Одна из наиболее очевидных возможных причин войны против СССР - недовольство Запада советским строем как таковым. При этом порой западные страны изображались как благодетели, готовые начать войну исключительно из симпатий к русскому народу. В этой связи упоминалось, например, что "для завоевания симпатии русских масс в России Англия взяла под свое покровительство православное духовенство". Иногда выражалась надежда, что нажим Англии заставит предоставить льготы частному капиталу.

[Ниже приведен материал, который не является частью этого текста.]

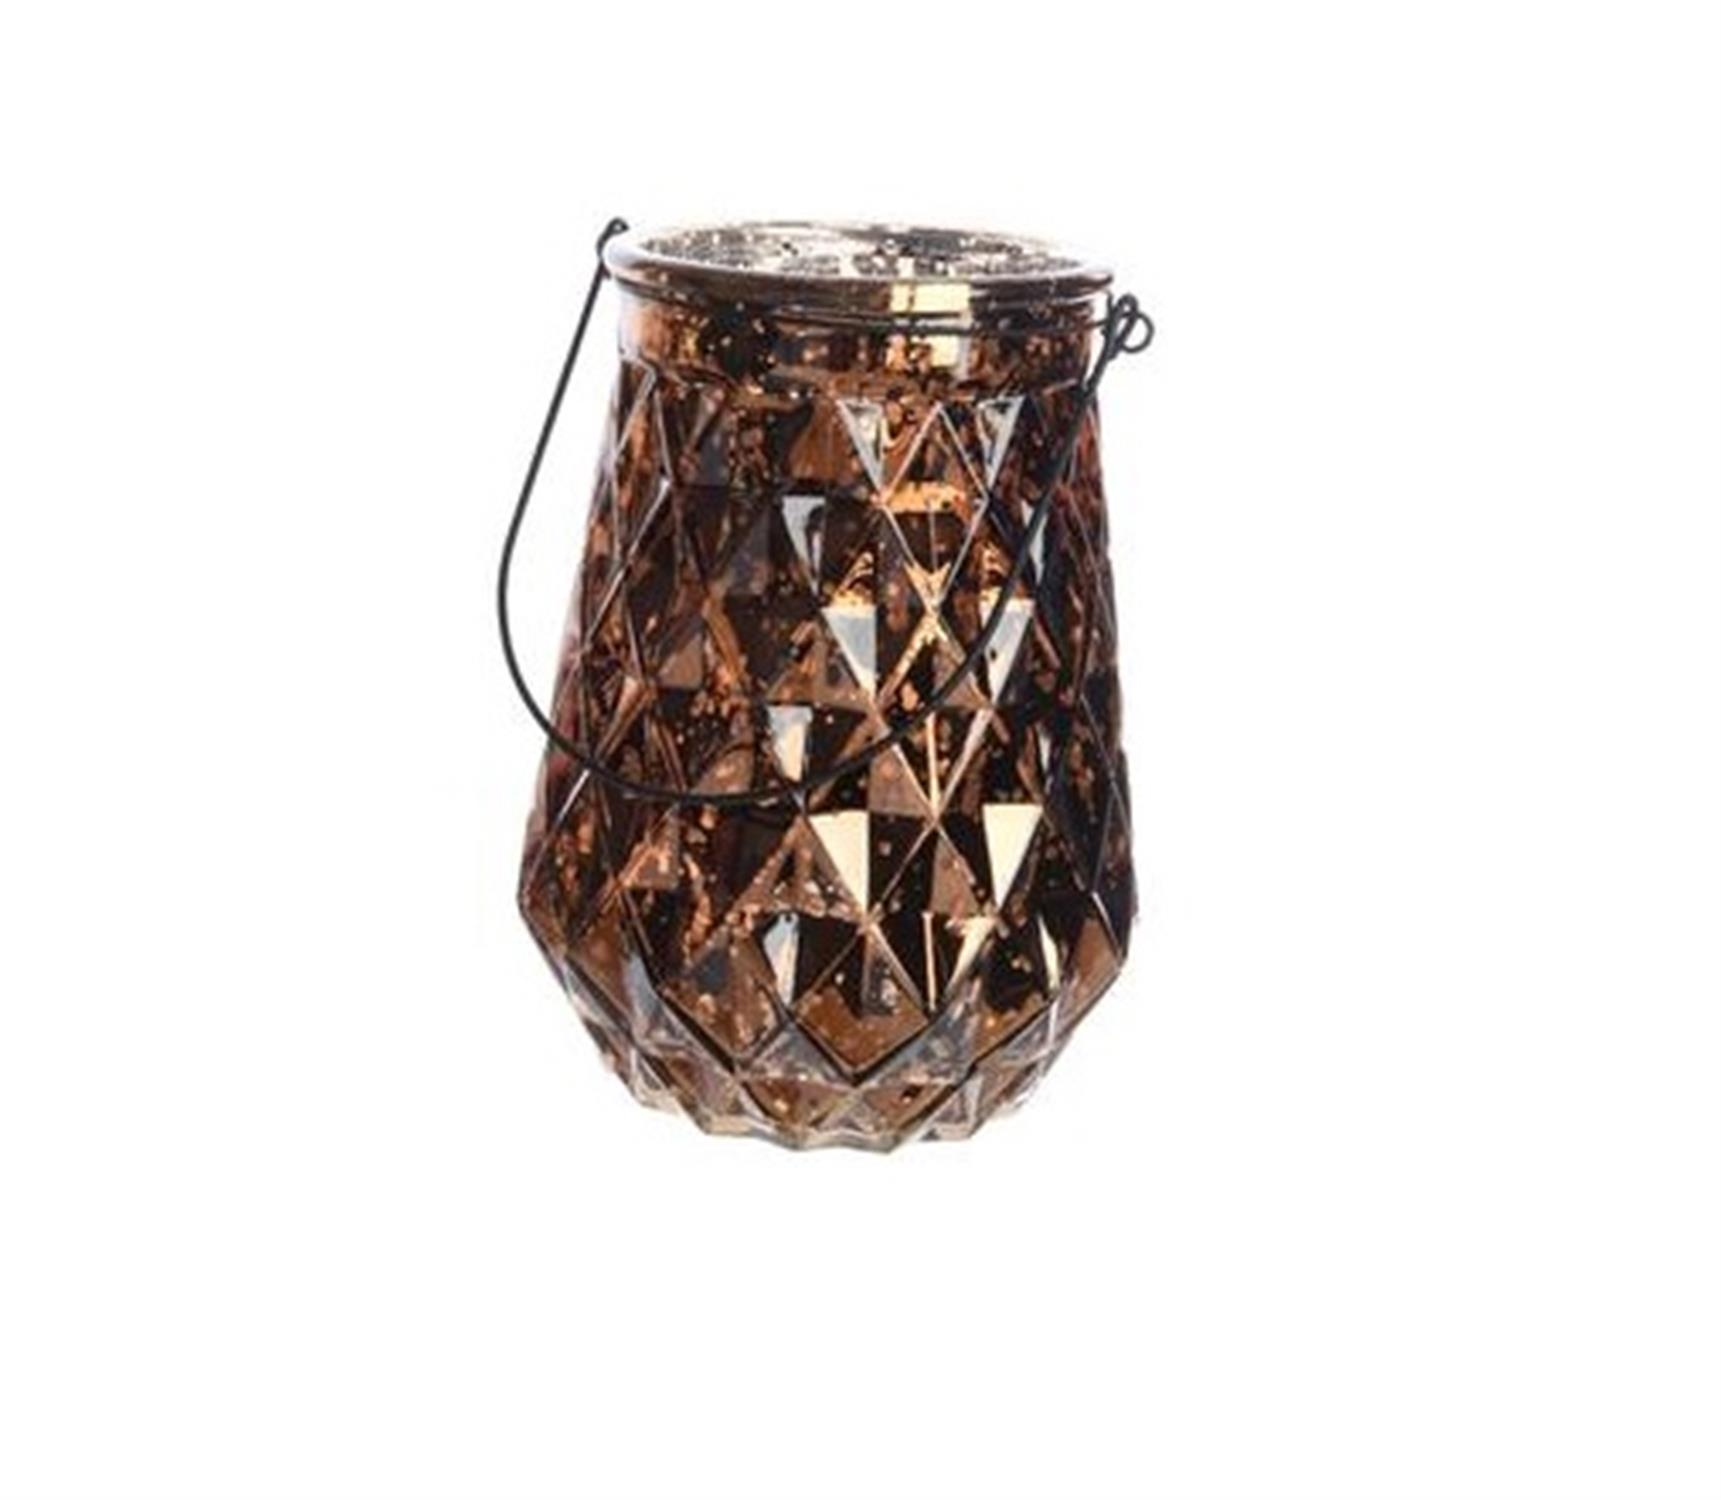 Φανάρι με ανάγλυφα διαμάντια σουέτ καφέ ασημί μεταλλικό χερούλι Δ16x22cm Kaemingk 646761-2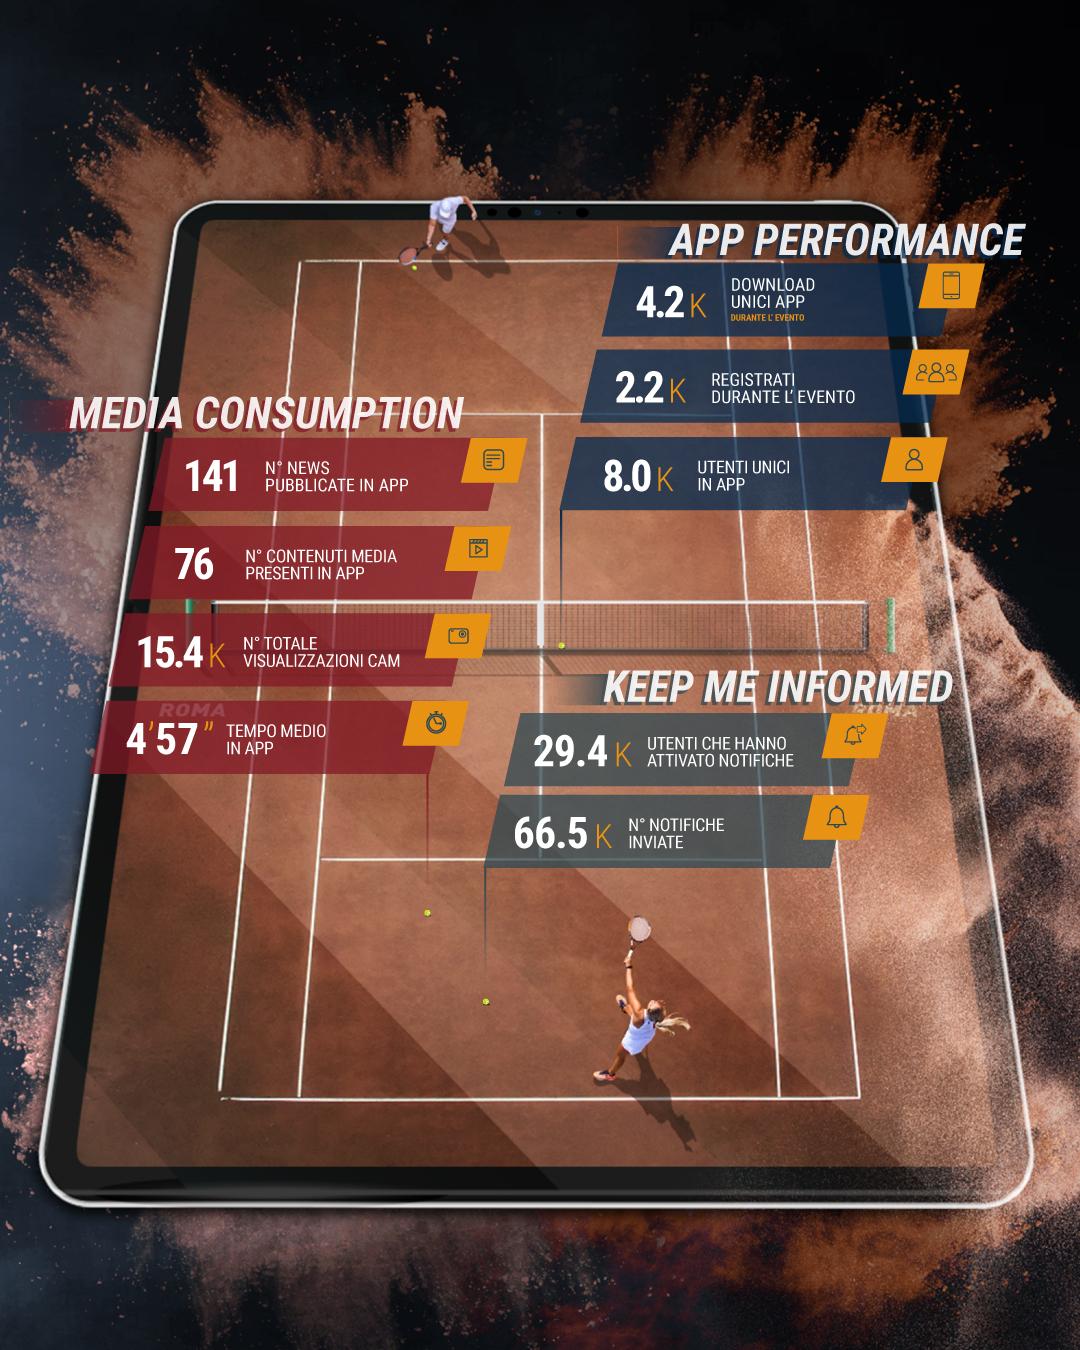 Internazionali di tennis | IQUII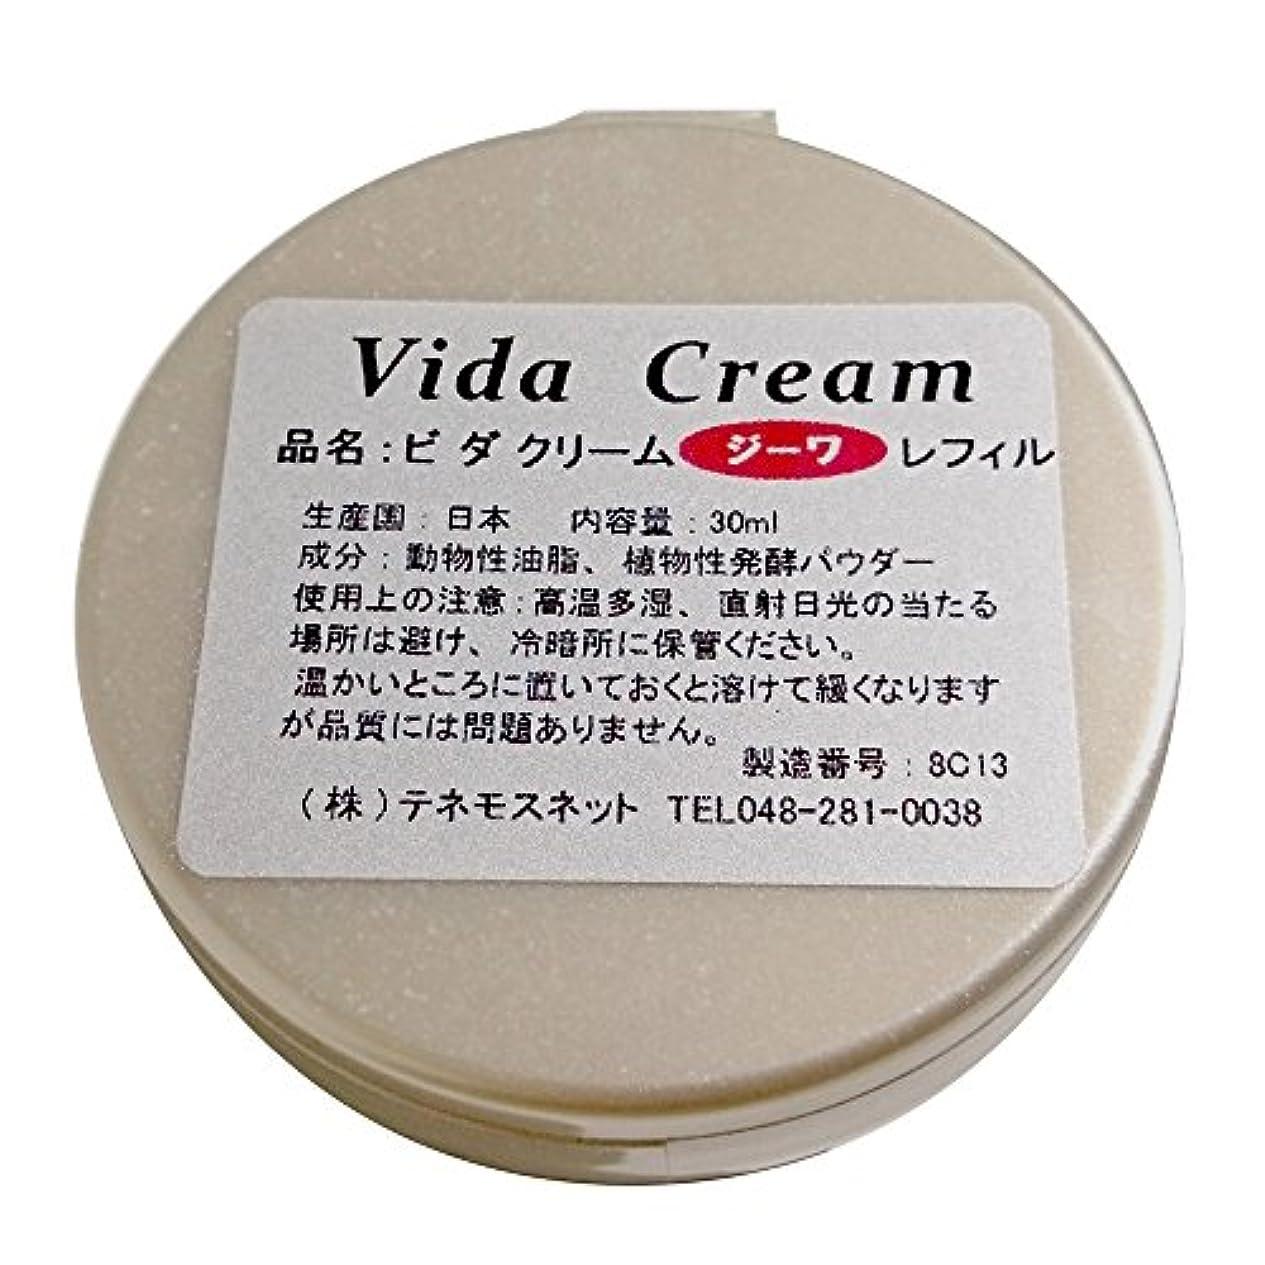 月曜日国歌儀式テネモス ビダクリーム Vida Cream ジーワ レフィル 付替用 30ml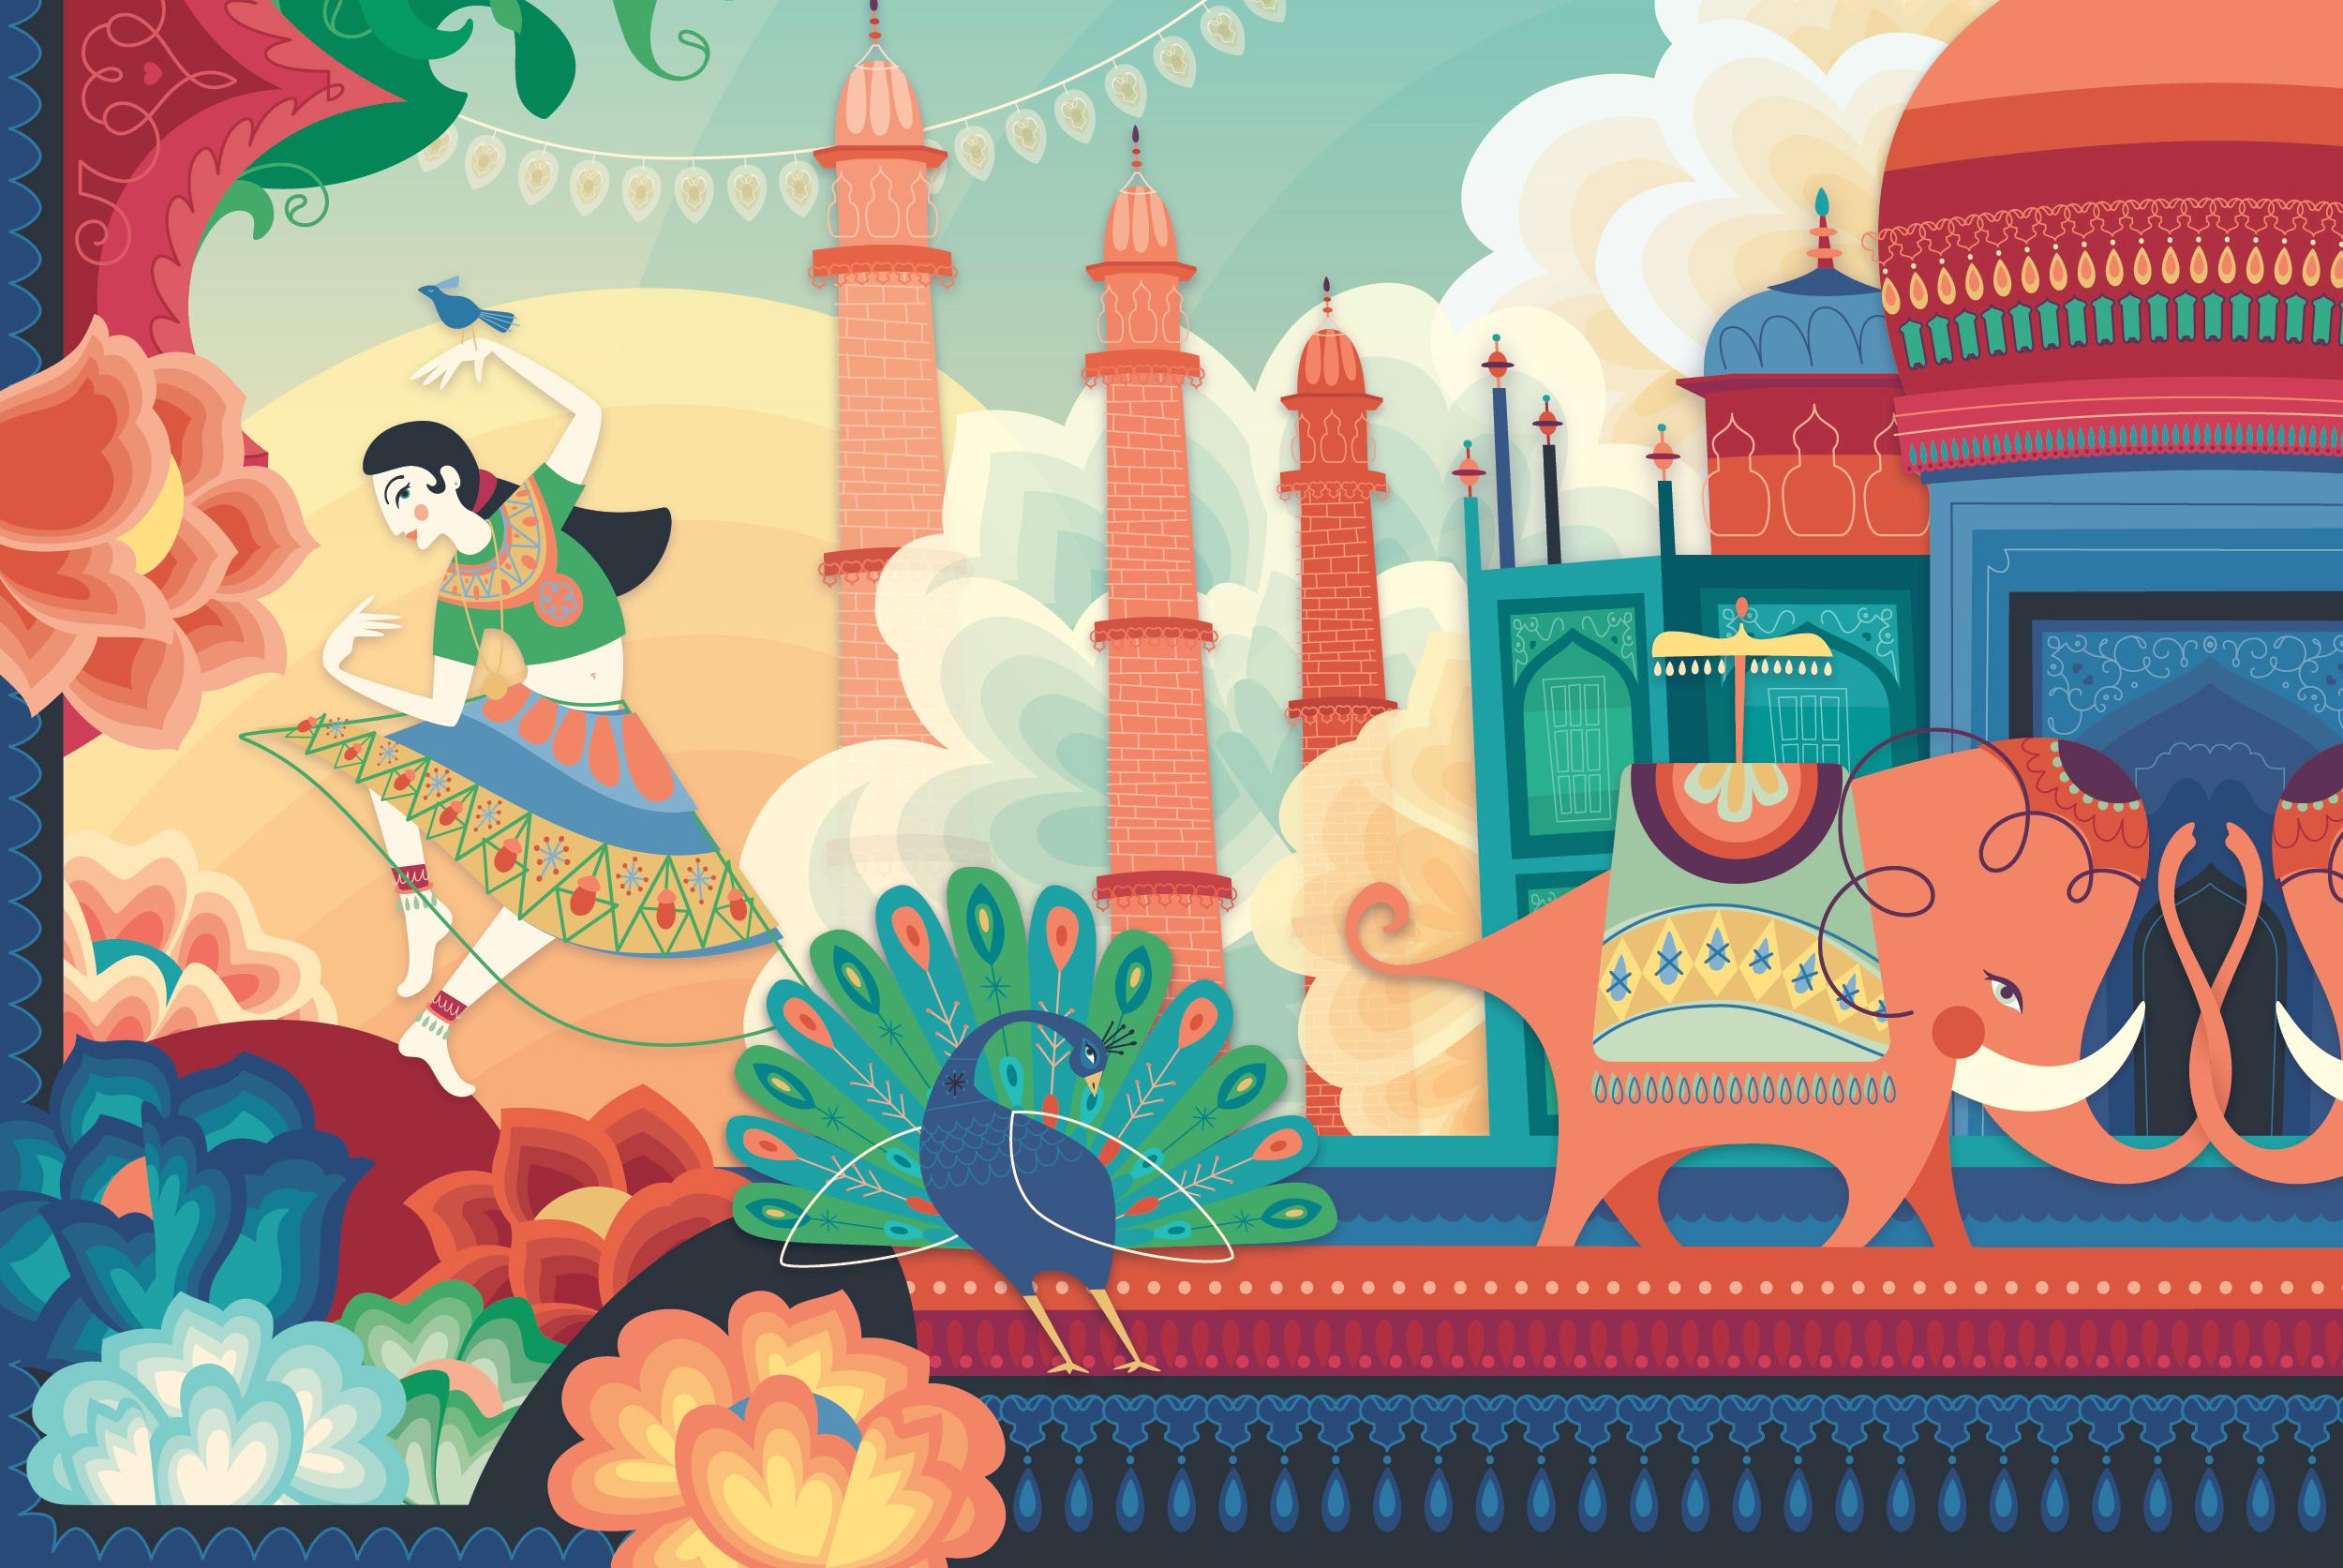 mural_crop.jpg

Любое поражение революционного движения за рубежом, особенно если оно было связано, как в Китае, с вмешательством иностранных держав, трактовалось как единая кампания по наведению порядка: "Европейские государства сначала восстановили порядок в Германии, потом в Болгарии, сейчас восстанавливают в Китае и скоро примутся за Россию" - так расценивали ситуацию жители Акмолинской губернии в январе 1925 г. О том же, как следует из закрытого письма секретаря Троицкого окружкома в Уральский обком ВКП(б), говорили в феврале 1926 г. южноуральские казаки: события в Китае напрямую связывали с призывом в территориальные части и со дня на день ожидали всеобщей мобилизации. Впрочем, в том же письме делалась любопытная оговорка: "В массе казачества эта агитация не имеет успеха хотя бы уже потому, что сроки "мобилизаций" уже десятки раз проходят и ни в какой мере не подтверждаются".

Постоянно сообщалось о том, что в цари намечают великих князей - то Кирилла, то Михаила, то Николая Николаевича (последний даже объявил будто бы об отмене всех налогов на 5 лет).

Избрание в 1925 г. нового немецкого президента (им стал П. фон Гинденбург) неожиданно породило целую волну слухов о том, что теперь и в России, которая, как и Германия, пережила революцию, будет избран президент. Новое слово неожиданно стало очень популярным (при этом часто делались оговорки, что президент, в сущности, тот же царь, только выборный, а значит справедливый). "У нас должно быть новое правительство, ибо Германия, Англия и Польша предложили Советской власти до 1 мая снять всех коммунистов, взамен же их избрать президента, в противном случае, если не будет избран президент, а коммунисты не сняты с должностей, то эти государства на Россию пойдут войной, а разбив ее установят выборного президента", - говорил крестьянин-середняк Балашов из Акмолинской губернии.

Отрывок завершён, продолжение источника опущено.